The Government has issued updated guidance on food and drink labelling in the event of a no deal Brexit.  Defra has advised that in the event of no deal Brexit there are some from day one technical changes to labels that will be required. For products placed on the UK market after 29 March 2019, these changes include: not using the EU emblem on goods produced in the UK unless a company has been authorised by the EU to do so; and not labelling UK food as “origin EU”. The EU organic logo must not be used on any UK organic products, unless the UK and EU reach an equivalency arrangement before the UK leaves.  However, food and drink products that have already been placed on the UK market on or before 29 March 2019 can continue to be sold until stocks are exhausted.  The UK Government will also encourage enforcement officers to take a “pragmatic approach” to enforcement of these technical rule changes given the scale of labelling changes required.  In order to satisfy other countries, the Government suggests UK food labels are replaced or over-stickered as required to ensure that they are fully accurate.  Overall the Government has concluded that its proposals for food labelling after Brexit “meet the needs of food businesses for a realistic transition period, while also protecting consumers’ interests in a ‘no deal’ scenario.” In addition to publishing the Government response to the consultation it ran between 6 November and 5 December 2018 it has published a summary of responses received from stakeholders.

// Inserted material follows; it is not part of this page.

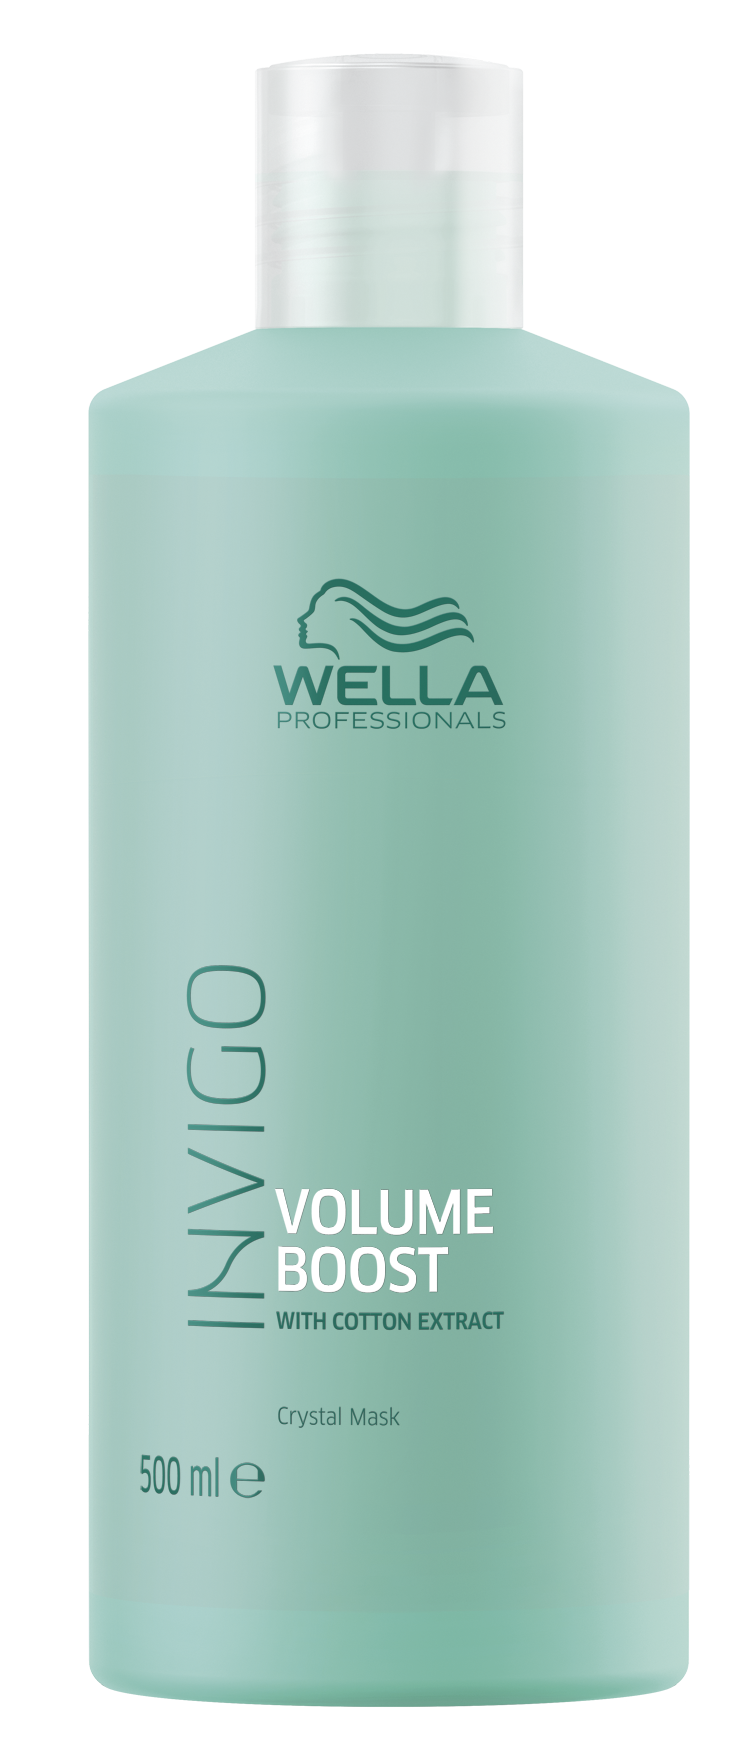 WELLA PROFESSIONALS Маска-кристалл уплотняющая / Volume Boost 500 мл wella professionals уплотняющая кристалл маска invigo volume boost 500 0

Government to consult on changes to UK food labelling later in 2019
The Government has confirmed that it will consult on UK wide food labelling later this year after announcing that it expects to respond next month to its now closed consultation on food, mineral water and honey labelling. That consultation covered changes to current legislation to ensure that it continues to work after the UK has left the EU if a partnership arrangement and common approach to food legislation is not agreed with the EU.

 

Statutory Instruments & updated general advice for business
Meanwhile the Government continues to publish Statutory Instruments to provide more cover for a “no deal” Brexit.  In most cases these simply revoke certain provisions relating to EU legislation that will cease to apply on “exit day” and address omissions or failings in domestic legislation and other deficiencies arising from the withdrawal of the UK from the EU; they do not make substantive changes to policy. The Organic Products (Amendment) (EU Exit) Regulations 2019 and The Quick-frozen Foodstuffs (Amendment) (EU Exit) Regulations 2019 are examples of this

s approach. The Government has also updated its advice for businesses on importing, exporting and transporting products or goods after Brexit, noting that “when the UK leaves the EU there may be changes to UK-EU trade at the UK border including on customs, tariffs, VAT, safety and security, documentation, vehicle standards, and controlled products.” This includes an updated “partnership pack”.

 

FSA publishes latest Public Attitudes Tracker results

The Food Standards Agency (FSA) has published the latest results (November 2018) of its Public Attitudes Tracker survey, which monitors changes in consumer attitudes to food-related issues in England, Wales and Northern Ireland. The top food safety issues of concern for those surveyed were: food hygiene when eating out (35%); food poisoning (29%); chemicals from the environment, such as lead, in food (28%); and food additives (28%).  The top wider food issues of concern were: the amount of sugar in food (50%); food waste (49%); food prices (46%); and animal welfare (43%).